Sasuke saw Deidara's nano-sized bombs (Obito, Toruné's tiny poisonous parasites inside himself) inside his own blood-stream. The Sharingan can also see chakra deep inside the earth (Deidara battle), behind solid stone (Kabuto battle), and the chakra network (various remarks, along with visual confirmations, from Sasuke, Itachi, Obito, and Madara confirm that). It can also see the Bijū and its chakra and suppress it by going deep into the Jinchūriki's consciousness. That's something the Byakugan can't do. In fact, at the Valley of the End, Sasuke could see Kyūbi's chakra more clearly than Neji while his Sharingan had only mutated to 2-Tomoe (his Sharingan progressed to 3-Tomoe right at the end). After mastering his Cursed Seal of Heaven, Sasuke saw Senjutsu Chakra in the cave very clearly during his battle with Kabuto (Itachi couldn't). That's another thing the Byakugan can't do. This shows that the Sharingan is astronomically more chakra-sensitive than the Byakugan that can only see far (with an added element of x-ray vision, which is rather pointless as the Sharingan can see through pretty much everything).

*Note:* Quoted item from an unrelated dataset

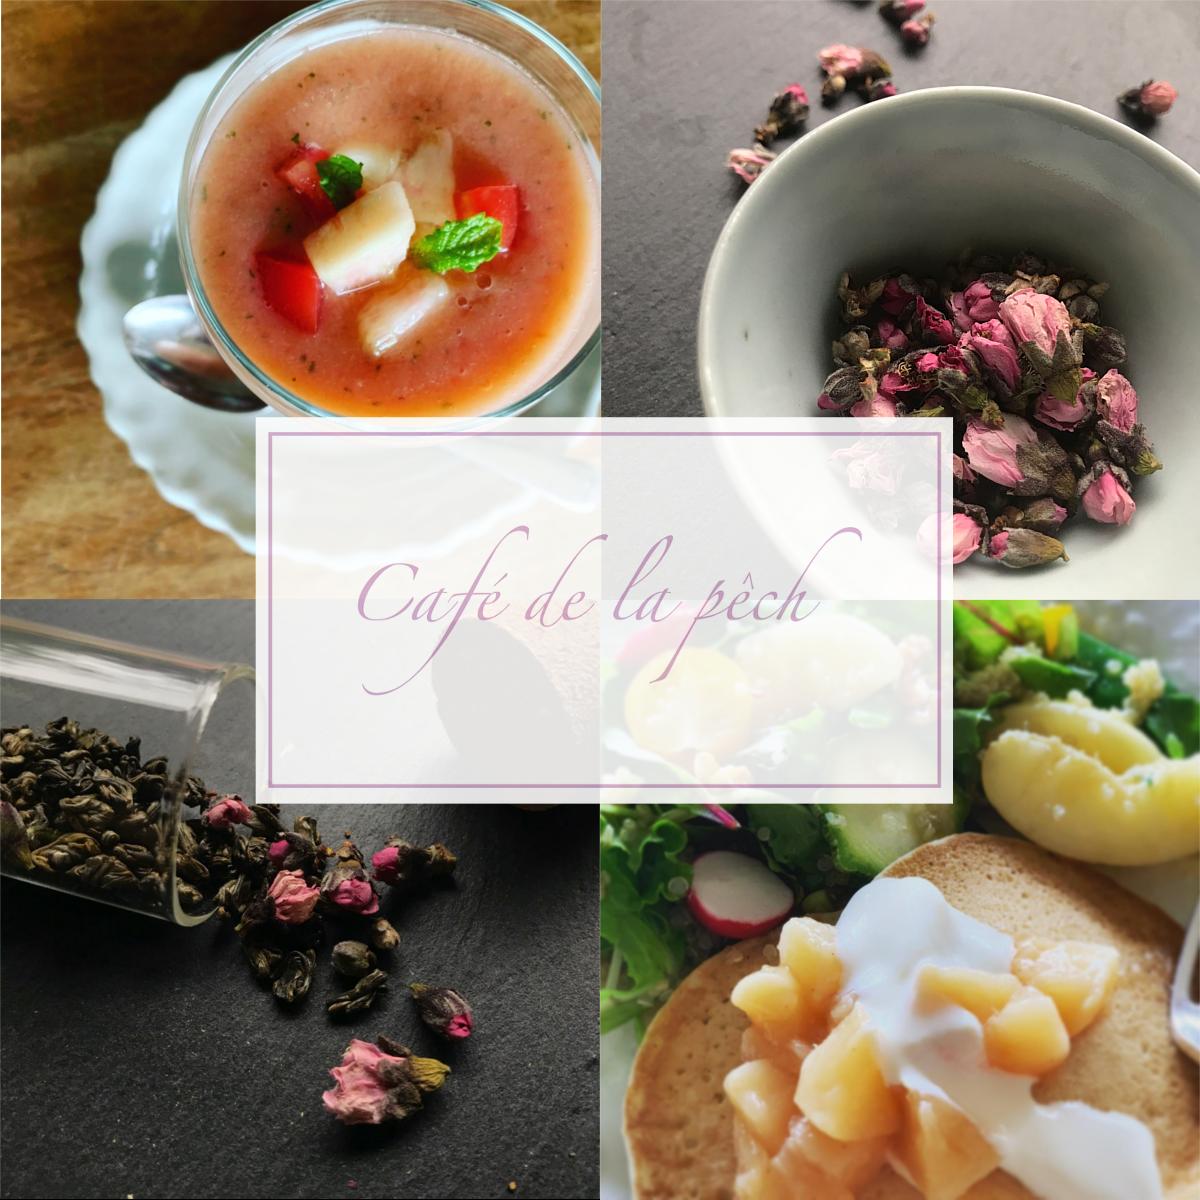 今井ようこさん桃ブランチ+YAGUI 中国茶🍑コラボのお知らせ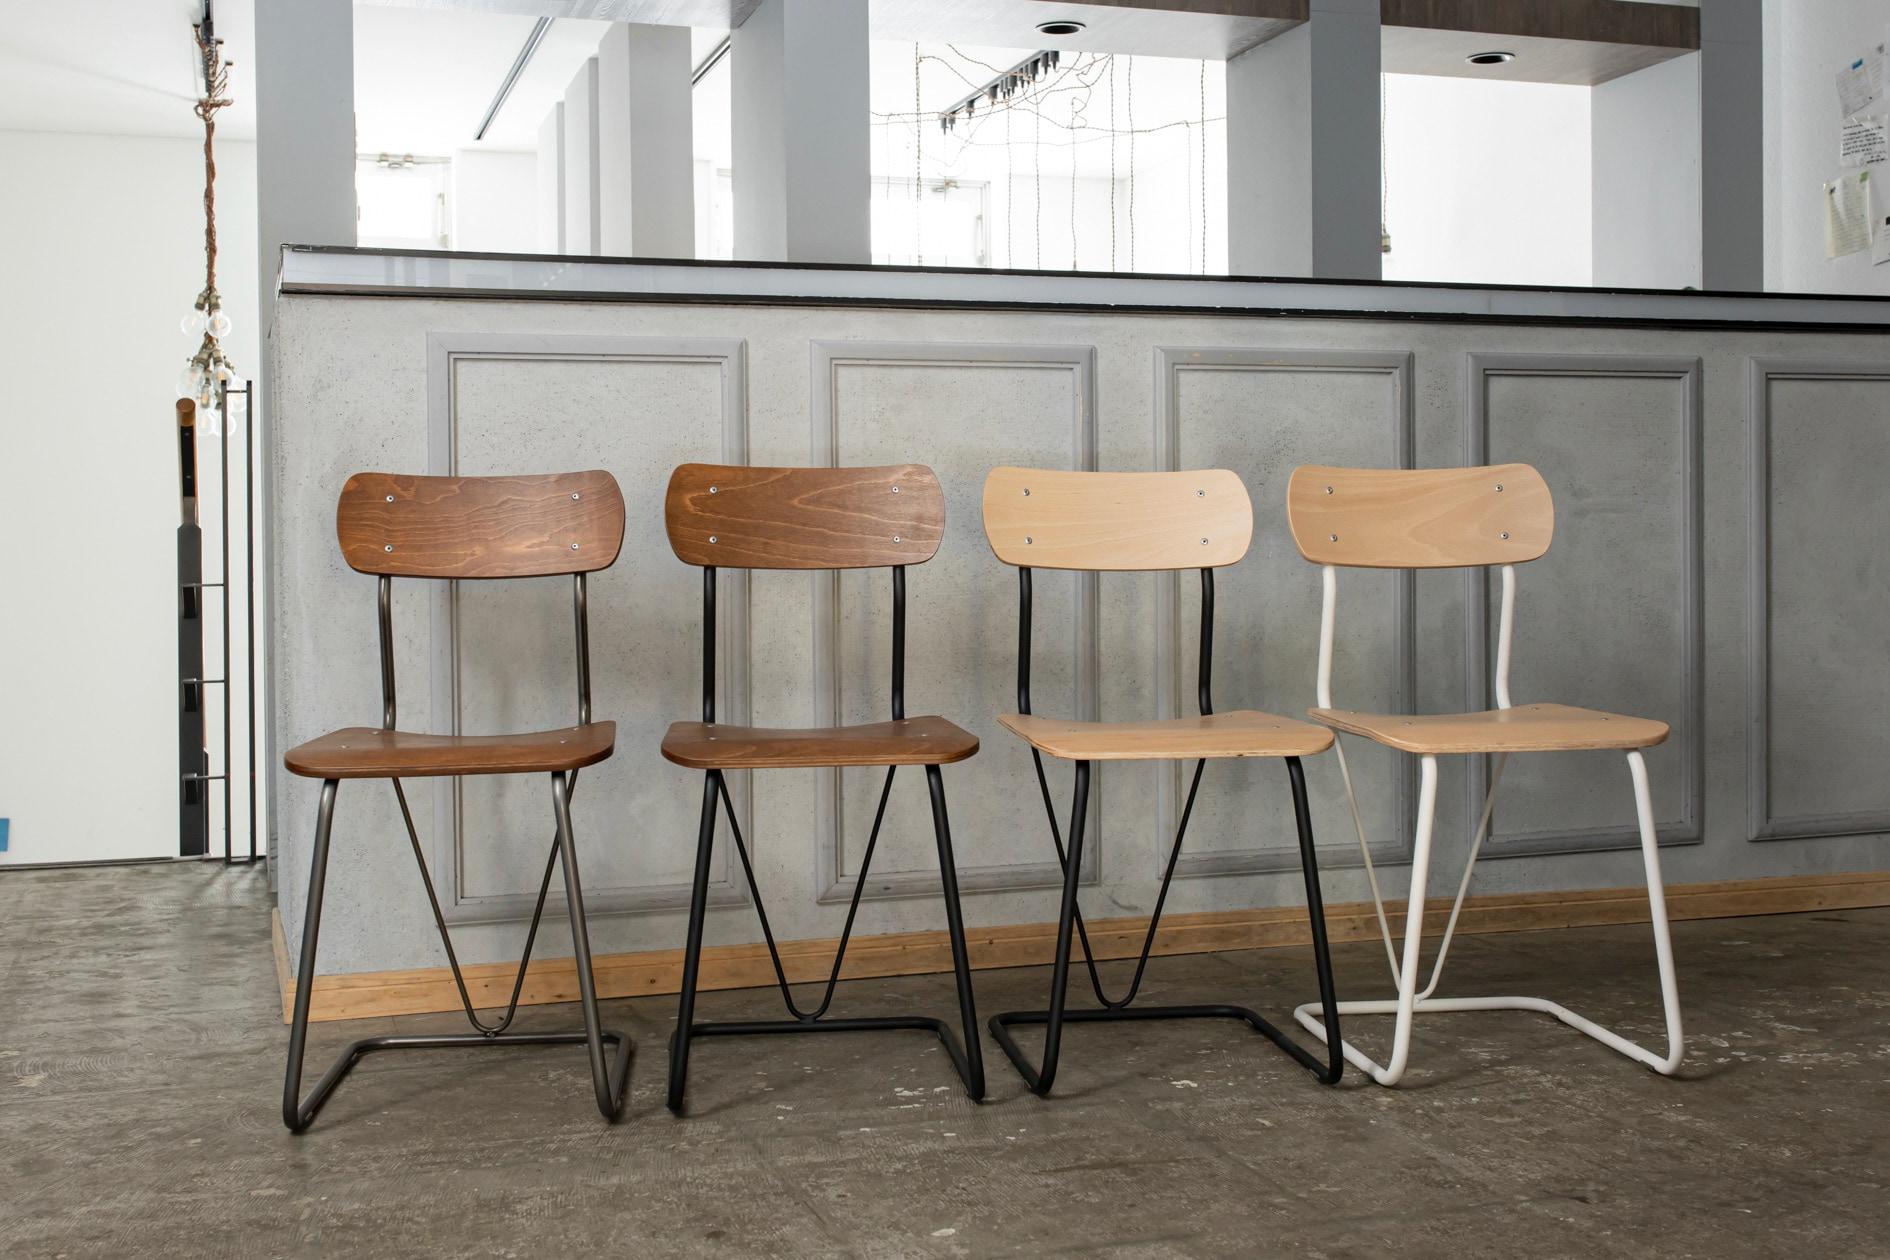 株式会社イチムラの学校用椅子A-100(復刻版)4脚,バーカウンターの前に並べられたレトロな椅子,札幌スタイル認証製品

The "seeing through" advantage the Sharingan has isn't limited to Chakra alone; it extends to Genjutsu (illusion), as well. The Sharingan can see through any illusion with ease and render it completely ineffective (the only reason Sasuke and Itachi couldn't overcome the Sound Genjutsu from Kabuto is that he'd enhanced it with Senjutsu; even then, both of them broke through it by superimposing Sharingan Genjutsu over the Sound Genjutsu). Kurenai's best Genjutsu was reflected back by a 3-Tomoe wielding Itachi. That's something the Sharingan did automatically as it deemed the illusion to be . . . well, fairly weak (whilst it simultaneously made the Genjutsu ineffective for Kisame). Kurenai had to break through her own Genjutsu. Same thing happened to Shī when Sasuke saw through his best Genjutsu and nullified it for Jūgo, too. Kurenai and Shī both are Genjutsu prodigies. The Byakugan users can fight with their eyes closed, but they can't see through Genjutsu.
Keeping all the aforementioned factors in mind, it's fair to say that the Sharingan's far more effective in varied situations, unlike the limited range offered by the Hyūga Dōjutsu.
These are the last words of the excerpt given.